RAG is dead, right?? — Kuba Rogut, Turbopuffer — AI Engineer

Intro0:00

Kuba Rogut0:15

Hi, welcome everyone. Uh, thanks for coming out. I see it's a full room, so appreciate everyone coming out. Uh, so welcome to the talk about RAG is Dead, right? Um, so my name is Kuba. I'm a deployed engineer at Turbopuffer. So for those that don't know what Turbopuffer is, we are a full tech search and vector search database, uh, built from first principles on top of object storage.

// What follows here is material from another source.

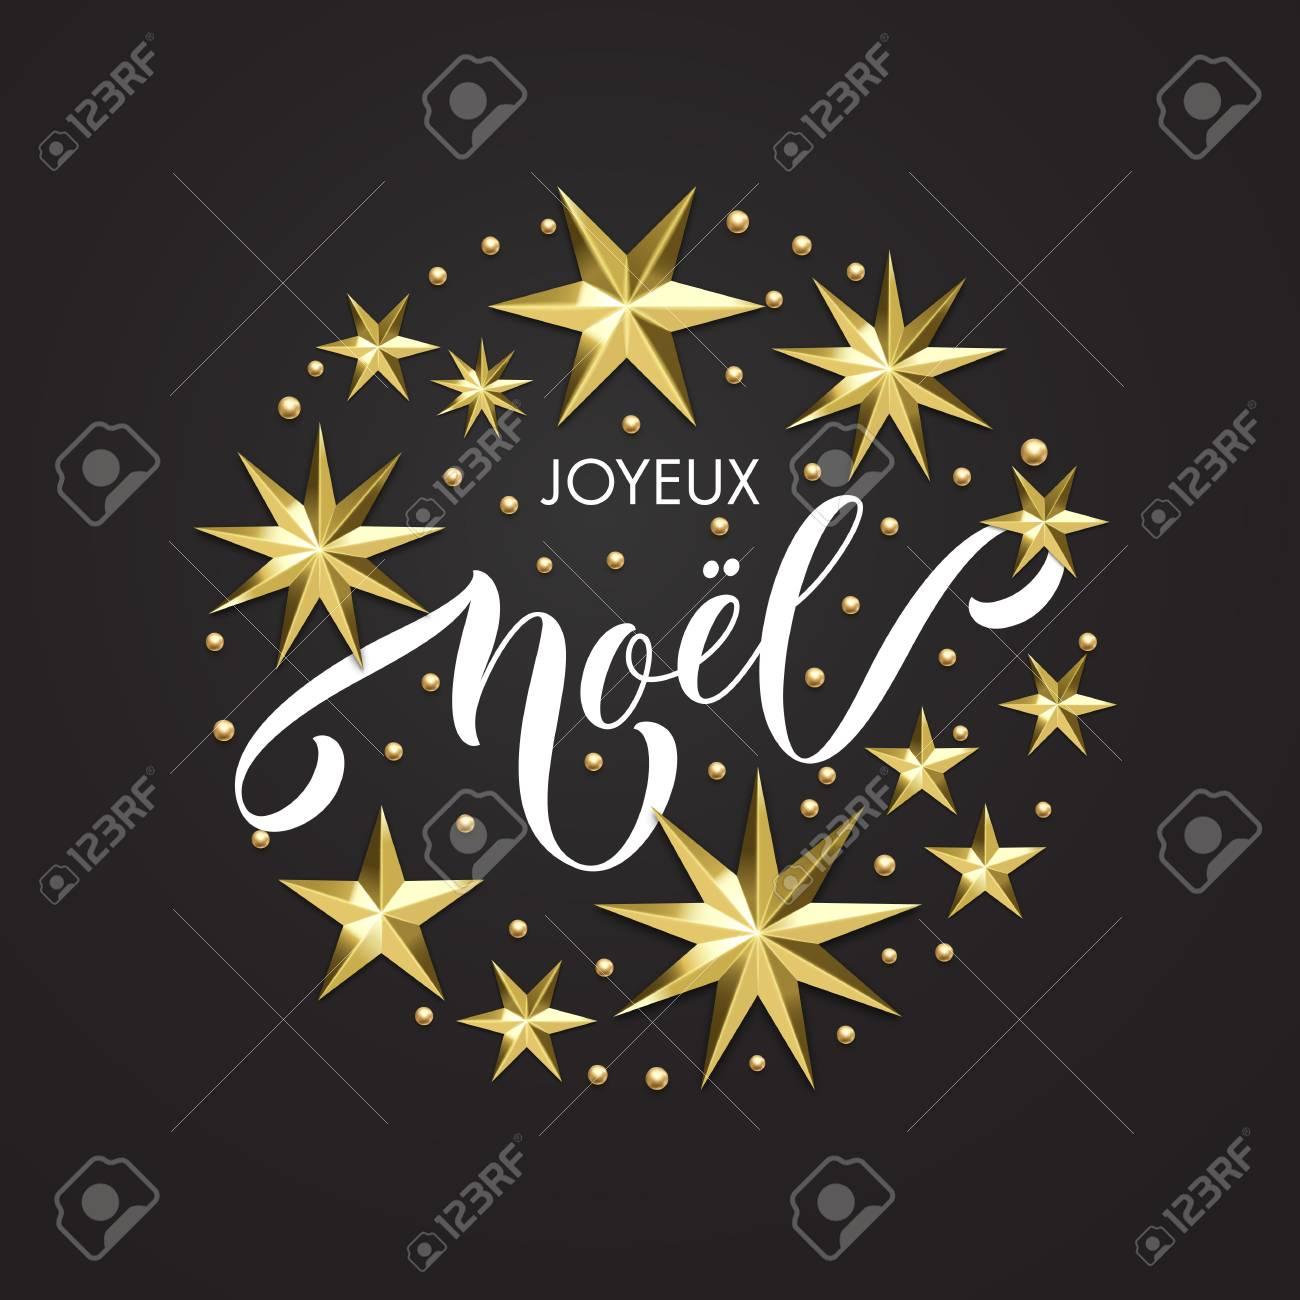 Ich Wünsche Dir Frohe Weihnachten Französisch.Frohe Weihnachten Französisch

Um, if you would love to learn more, uh, just come find me after the talk if you have any questions. So let's get started. So, um, this talk I get is a, sorry, about how RAG is dead, how hybrid tool, tool rift retrieval is becoming a default for serious agentic search. So if you guys have been on Twitter or other social media platforms, or I guess X as they call it now, um, you might have seen a lot of tweets like this about how RAG is dead.

RAG Discourse0:57

Kuba Rogut0:57

You can see there's lots of tweets, especially in the last, you know, in end of twenty twenty-five and in the early of this year about how, you know, RAG is dead, agentic file search is all we need, and there's kind of a, a lot of tweet and a lot of kind of content about this now. But, you know, interestingly, if we're to look at something like the Google, uh, Google search volume over the last two years or the last couple of years, you can see that, you know, in twenty twenty-three, kind of as AI starts, we have this kind of this, this, uh, you know, increase, kinda caps out a little bit in twenty twenty-four, settles down for about a year, and then about midway through twenty twenty-five, we hit this new inflection point where search volume just goes through the roof.

Definitions1:12

Kuba Rogut1:35

Um, so take that Twitter. Um, so let's clarify first. What is RAG and what is Agentic Search? These are kind of the two terms a lot of people are throwing out these days. Um, so RAG. What a lot of people think RAG is, is just simple vector search. They just think that this is, um, just simply, you know, embedding a bunch of, you know, a corpus of content, passing an embedding vector and getting it back, passing it through your LLM.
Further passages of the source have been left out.